Use case: how much of the read content is contained in the reference genome?

Build a signature for an E. coli genome:

```
sourmash compute --scaled 10000 -k 31 ~/data/ecoliMG1655.fa.gz -o ecoli-genome.sig
```

and now evaluate *containment*, that is, what fraction of the read content is
contained in the genome:

```
sourmash search -k 31 ecoli-reads.sig ecoli-genome.sig --containment
```

and you should see:

```
# running sourmash subcommand: search
loaded query: /home/ubuntu/data/ecoli_ref-5m... (k=31, DNA)
loading db of signatures from 1 files
loaded 1 signatures total.
1 matches:
         /home/ubuntu/data/ecoliMG1655.fa.gz     0.466   ecoli-genome.sig
```


Try the reverse - why is it bigger?
         
```
sourmash search -k 31 ecoli-genome.sig ecoli-reads.sig --containment
```

## Make and search a database quickly.

Suppose that we have a collection of signatures (made with `sourmash
compute` as above) and we want to search it with our newly assembled
genome (or the reads, even!). How would we do that?

Let's grab a sample collection of 50 E. coli genomes and unpack it --

```
mkdir ecoli_many_sigs
cd ecoli_many_sigs

curl -O -L https://github.com/dib-lab/sourmash/raw/update/doc_sbts/data/eschericia-sigs.tar.gz

tar xzf eschericia-sigs.tar.gz
rm eschericia-sigs.tar.gz

cd ../

```

This will produce 50 files named `ecoli-N.sig` in the `ecoli_many_sigs` --

```
ls ecoli_many_sigs
```

Let's turn this into an easily-searchable database with `sourmash sbt_index` --

```
sourmash sbt_index -k 31 ecolidb ecoli_many_sigs/*.sig
```

and now we can search!

```
sourmash sbt_search ecolidb.sbt.json ecoli-genome.sig | head
```

You should see output like this:

```
# running sourmash subcommand: sbt_search
loaded query: /home/ubuntu/data/ecoliMG1655.... (k=31, DNA)

similarity   match
----------   -----
 88.4%       NZ_GG774190.1 Escherichia coli MS 196-1 Scfld2538, whole genome shotgun sequence
 87.8%       NZ_JMGW01000001.1 Escherichia coli 1-176-05_S4_C2 e117605S4C2.contig.0_1, whole genome shotgun sequence
 86.6%       NZ_JMGU01000001.1 Escherichia coli 2-011-08_S3_C2 e201108S3C2.contig.0_1, whole genome shotgun sequence
```

## Compare many signatures and build a tree.

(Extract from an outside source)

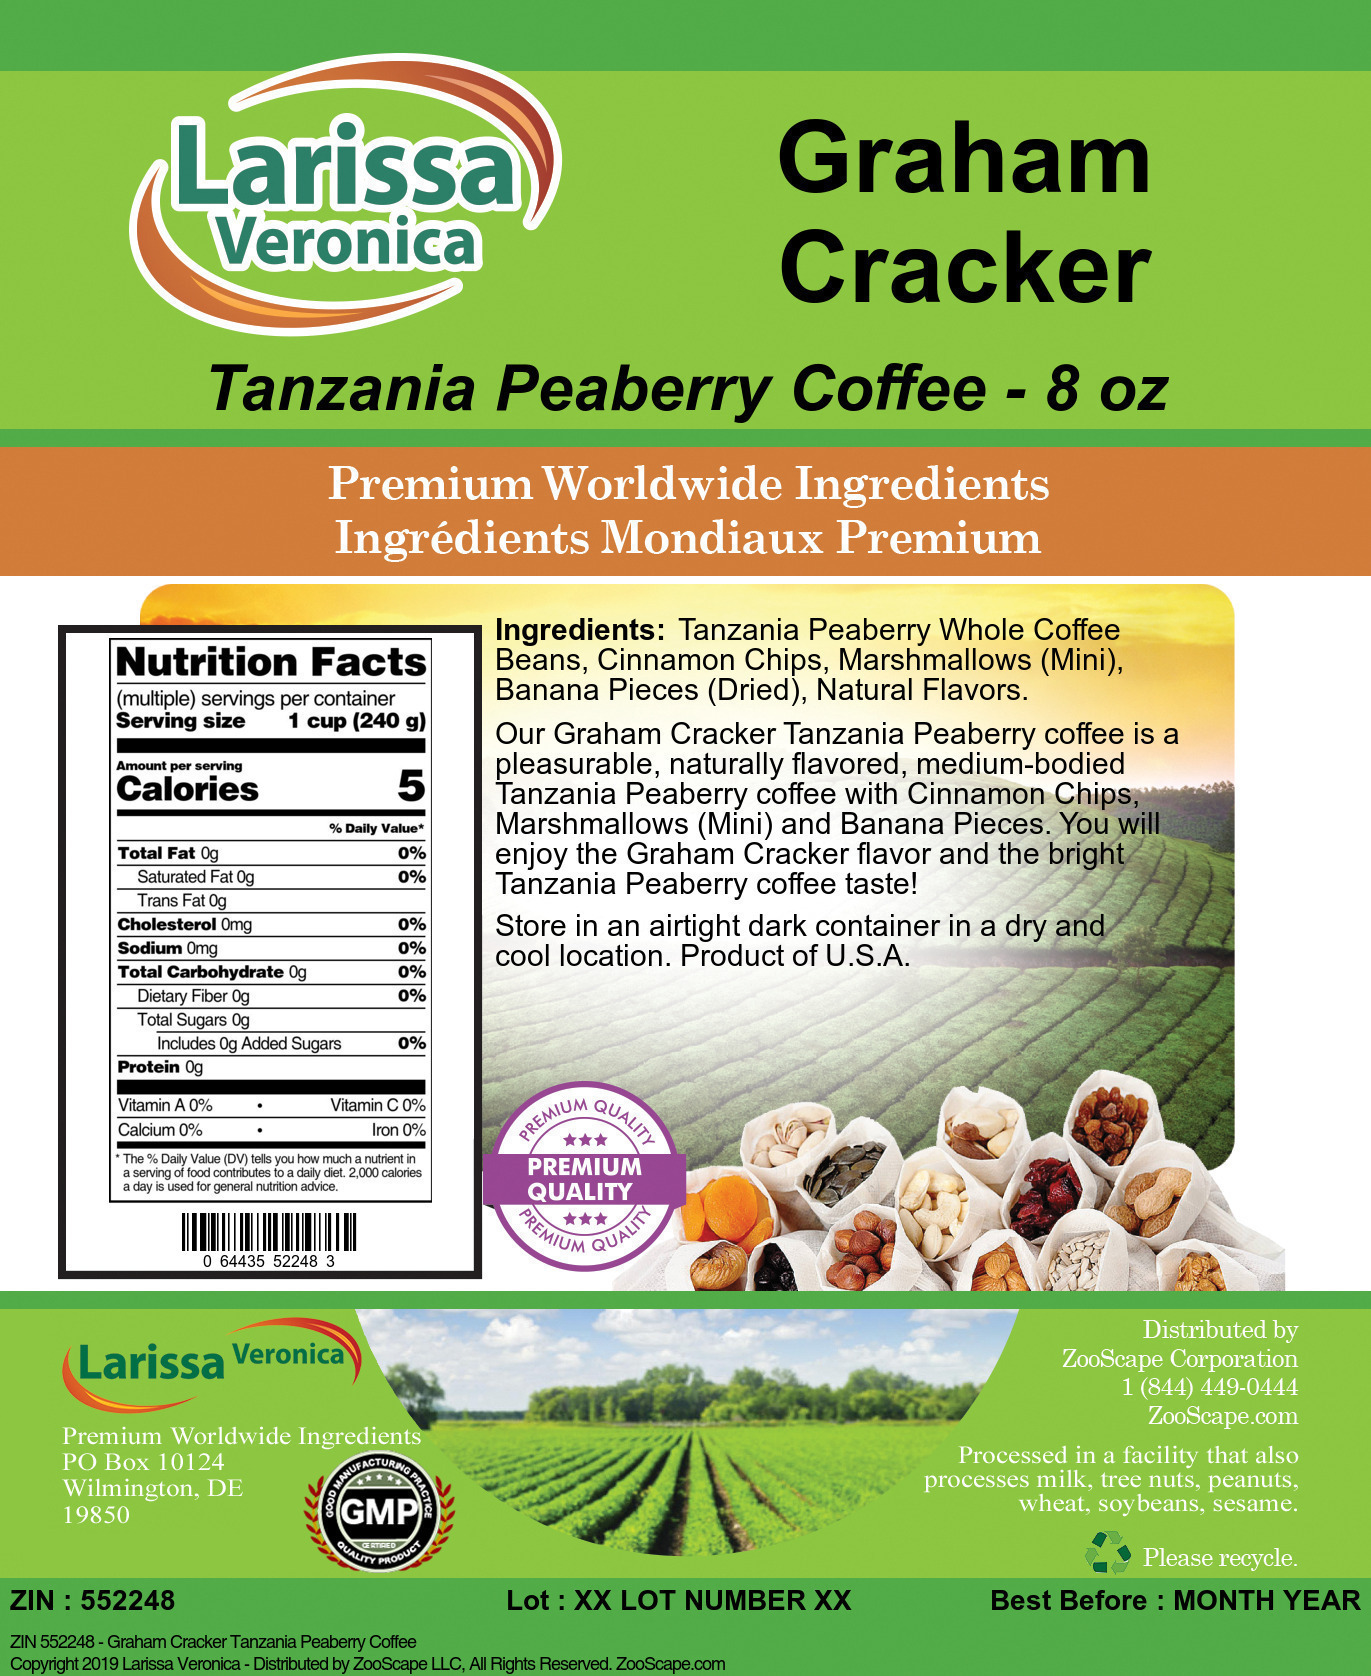 Graham Cracker Tanzania Peaberry Coffee - Label

Adjust plotting (this is a bug in sourmash :) --
```
echo 'backend : Agg' > matplotlibrc
```

Compare all the things:

```
sourmash compare ecoli_many_sigs/* -o ecoli_cmp
```

and then plot:

```
sourmash plot --pdf --labels ecoli_cmp
```

which will produce a file `ecoli_cmp.matrix.pdf` and `ecoli_cmp.dendro.pdf`
which you can then download via your file browser and view on your local
computer.

Here's a PNG version:

![E. coli comparison plot](_static/ecoli_cmp.matrix.png)

## What's in my metagenome?

Download and unpack a newer version of the k=31 RefSeq index described
in
[CTB's blog post](http://ivory.idyll.org/blog/2016-sourmash-sbt-more.html)
-- this one contains sketches of all 100k Genbank microbes. (See
[available databases](databases.html) for more information.)

```
curl -O https://s3-us-west-1.amazonaws.com/spacegraphcats.ucdavis.edu/microbe-genbank-sbt-k31-2017.05.09.tar.gz
tar xzf microbe-genbank-sbt-k31-2017.05.09.tar.gz
```

This produces a file `genbank-k31.sbt.json` and a whole bunch of hidden
files in the directory `.sbt.genbank-k31`.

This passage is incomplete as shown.